Dataset section:
****

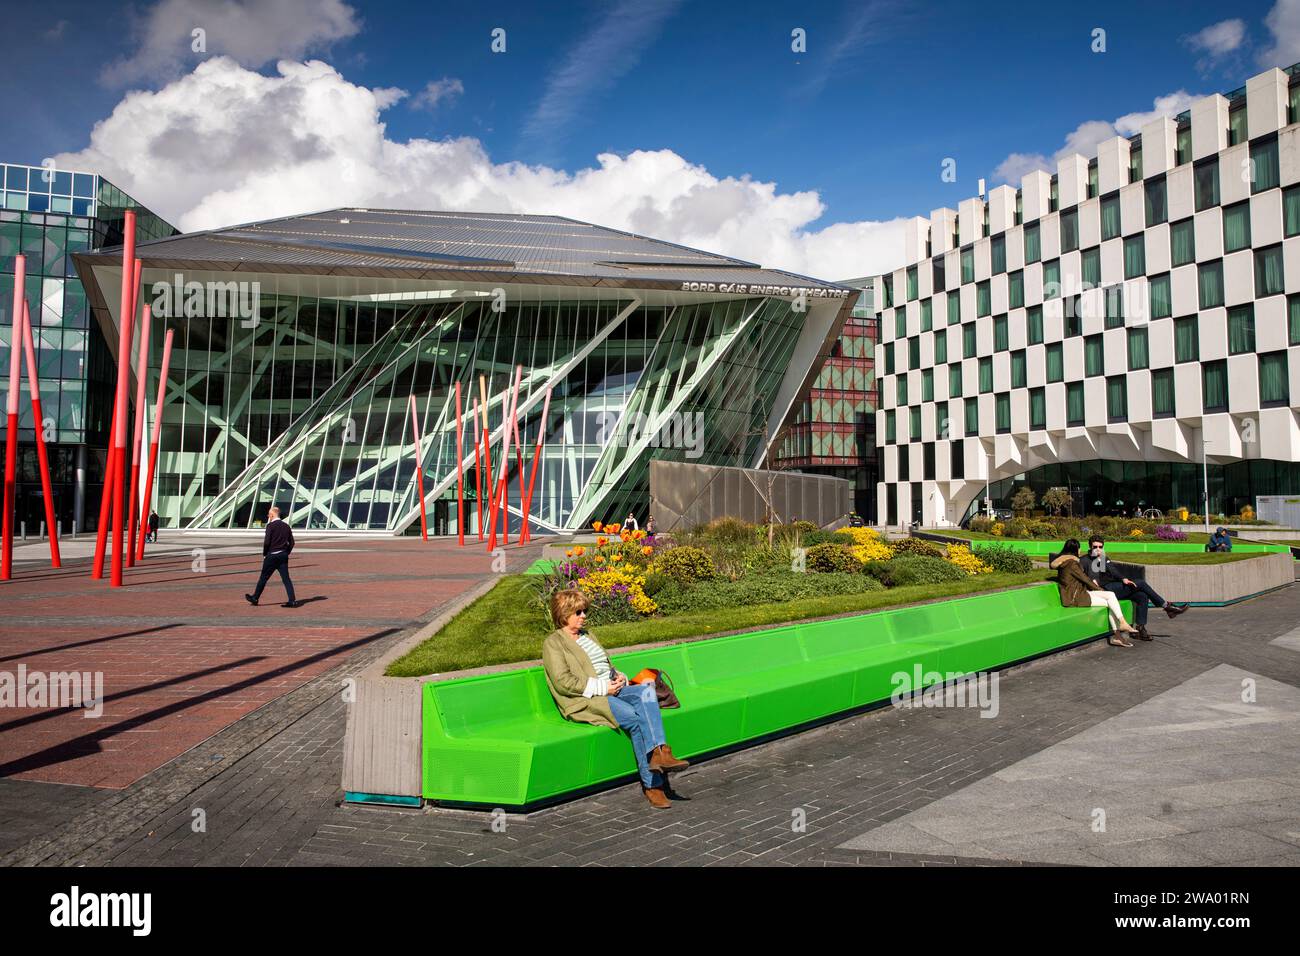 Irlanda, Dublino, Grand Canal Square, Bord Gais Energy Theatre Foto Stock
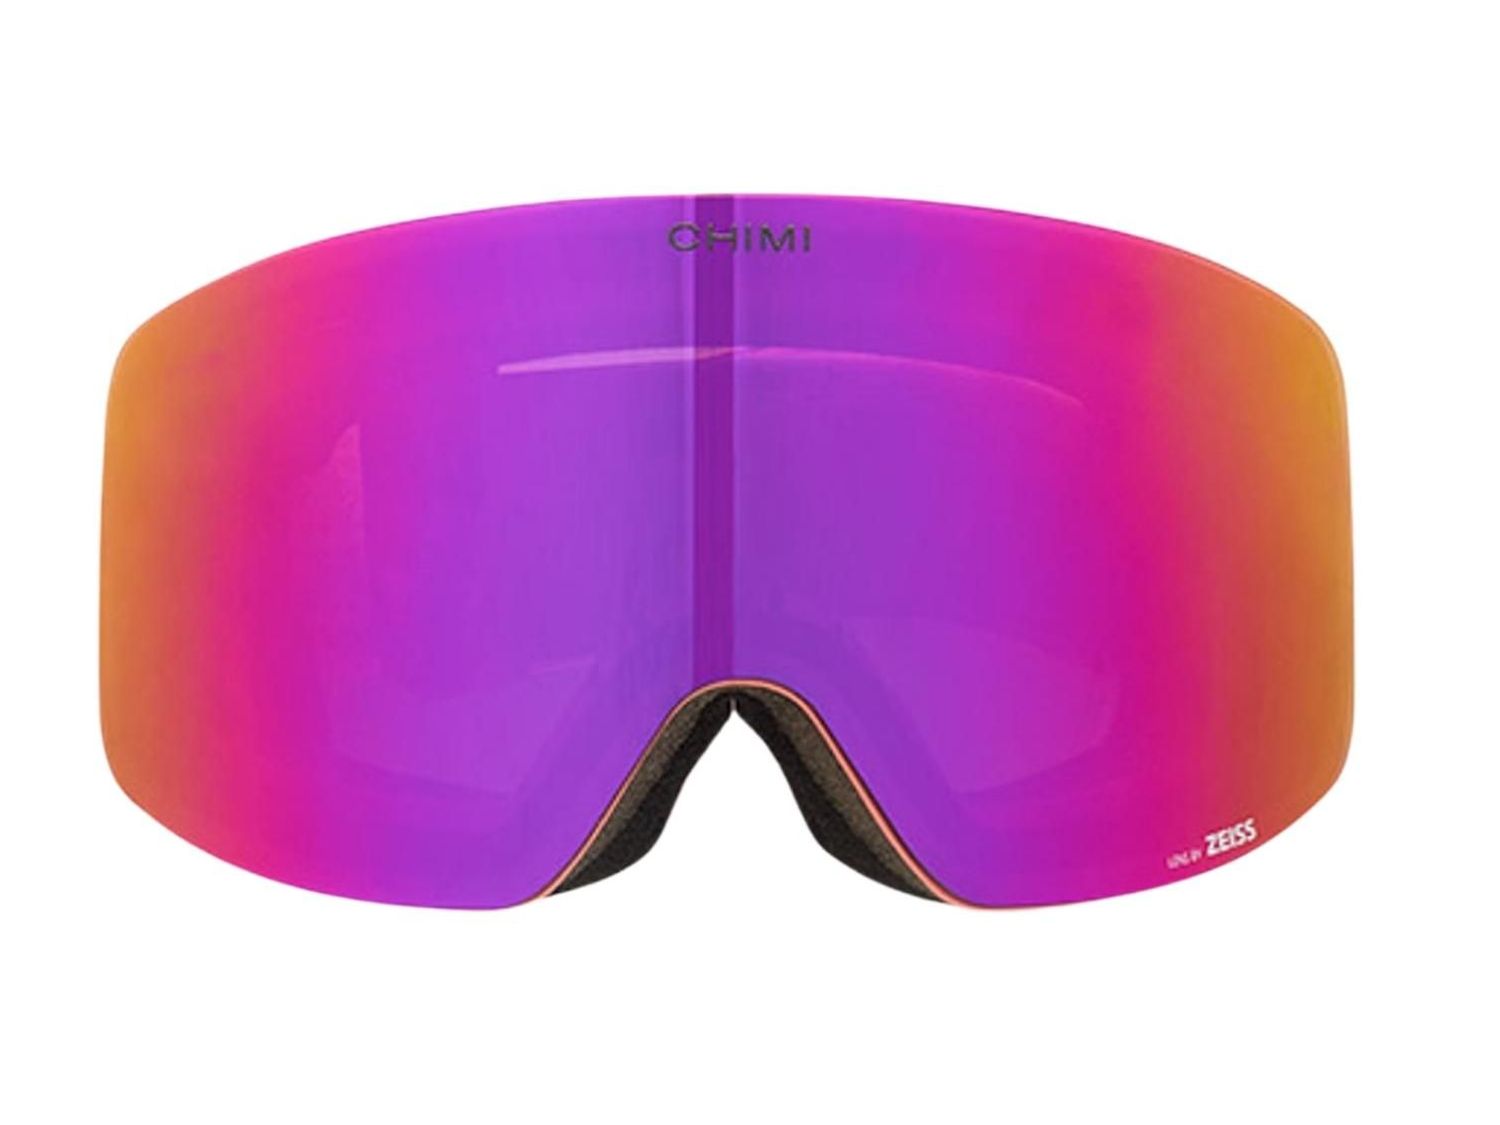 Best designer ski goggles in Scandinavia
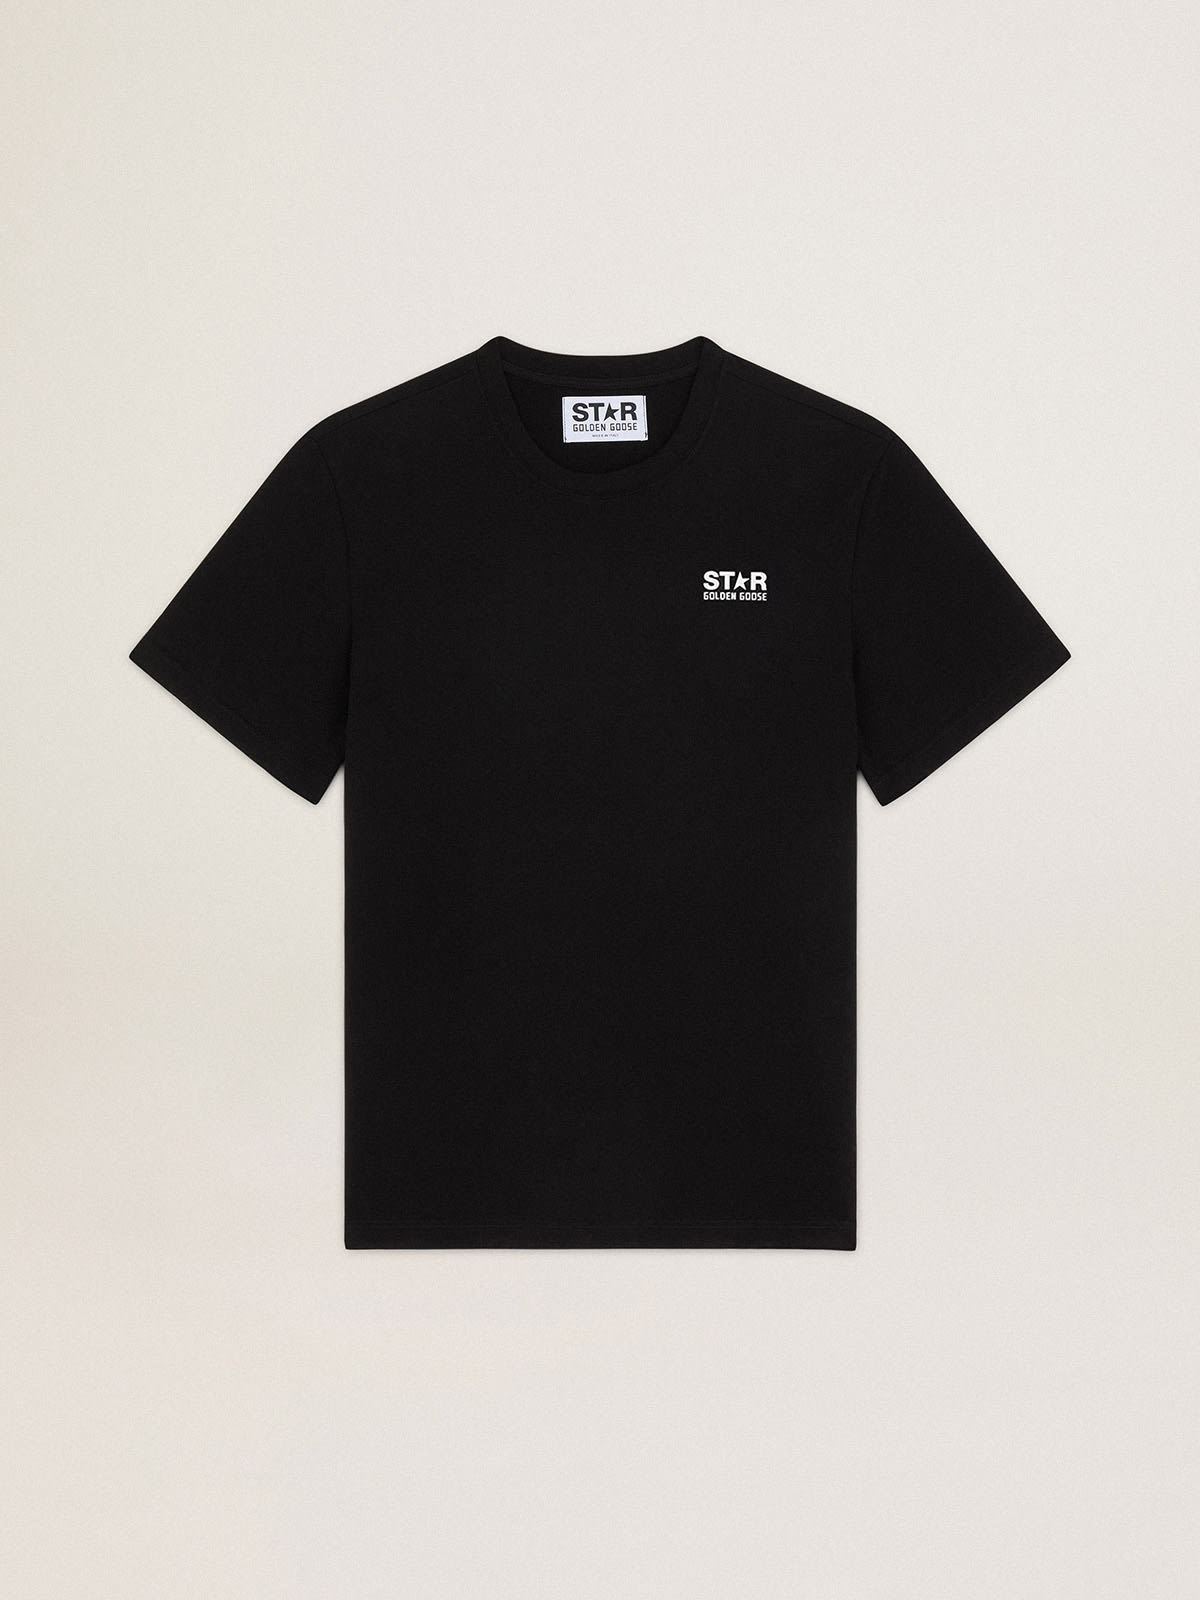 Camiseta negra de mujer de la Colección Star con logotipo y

****

Assigned task: Transcribe all of the material exactly and leave out its pictures.

Solution for this problem:
 Irlanda, Dublino, Grand Canal Square, Bord Gais Energy Theatre Foto Stock
 Best designer ski goggles in Scandinavia
 Camiseta negra de mujer de la Colección Star con logotipo y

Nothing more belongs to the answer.